I've just discovered (please don't laugh as apparently everyone else made this discovery a year or at least half a year ago but better late than never) a nice solution for synchronizing files between different machines called Dropbox. For those of you who are as ignorant as me, it's basically a way to transparently rsync files (up to 2GB for free) with Amazon S3 storage. The transparent part is nice as it means that you just run a daemon monitoring the dropbox directory in an efficient way (using inotify under Linux and, my guess would be, using ReadDirectoryChangesW() under Windows) and don't have to manually commit and update your files as I was doing so far, using a central CVS server (from which I'm slowly moving to an hg one). And, unlike CVS, Dropbox also provides a nice way to access your files from any JavaScript-enabled browser (which is more convenient than hg web interface but then it's not at all meant to do the same thing).

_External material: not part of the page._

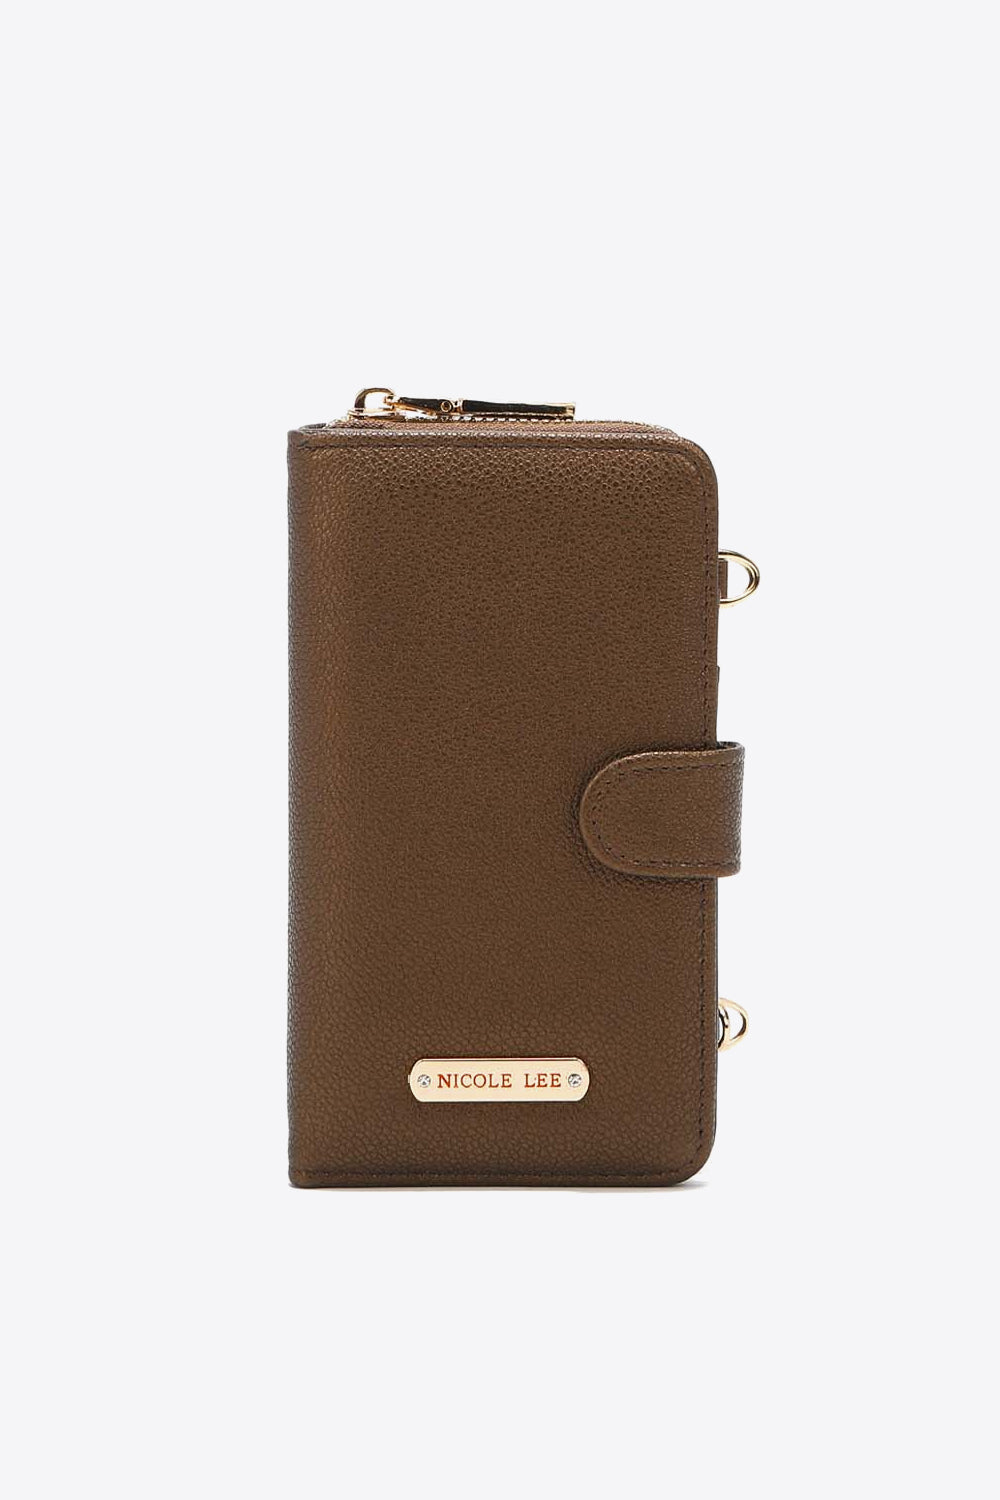 Two-Piece Crossbody Phone Case Wallet by Nicole Lee USA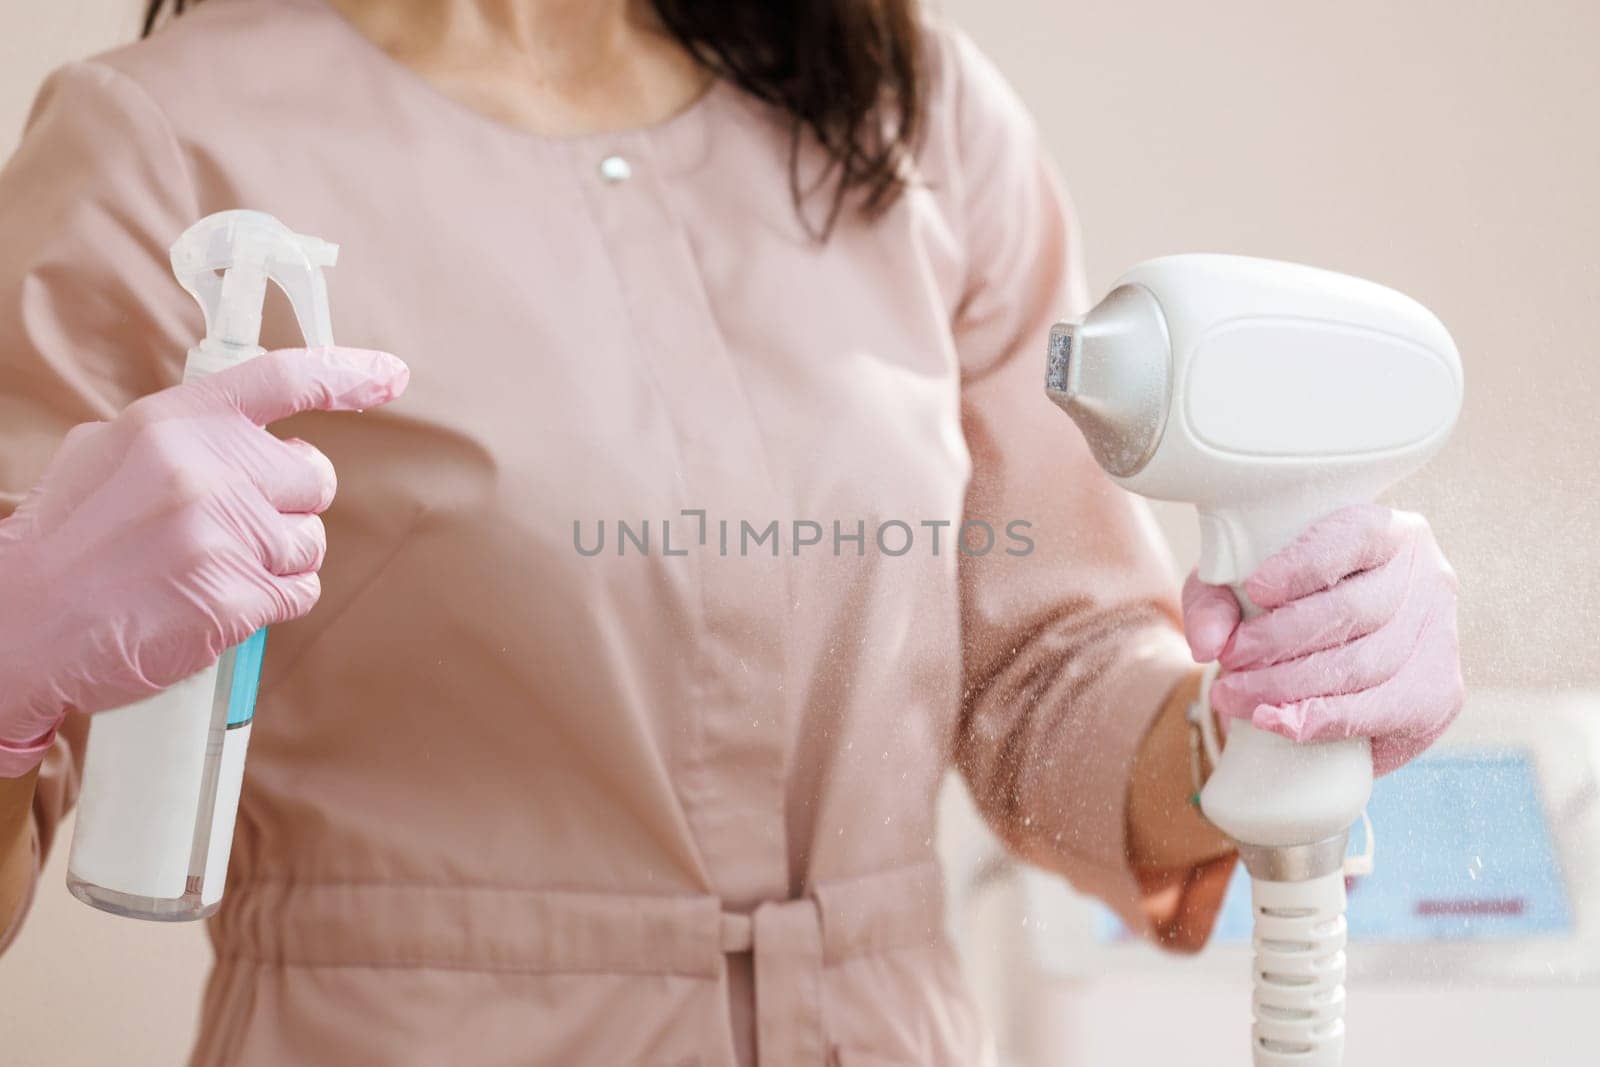 Beautician treats her equipment with an antiseptic. Close up of female beautician in sterile gloves using diode laser hair removal machine. Esthetician preparing equipment for epilation procedure.

The only problem with Dropbox is that the daemon part of their product is not open source. This is really a pity but it also explains why I started looking at its internals at all -- only to discover that it is written using wx, more precisely wxPython. It's not the most demanding GUI application in existence but it's still nice to see that an application used by many (how many? I don't know but judging from amount of stuff written about it on the web this must be one of the most widely used wx applications in existence) people is written in wx and apparently nobody complains about its GUI.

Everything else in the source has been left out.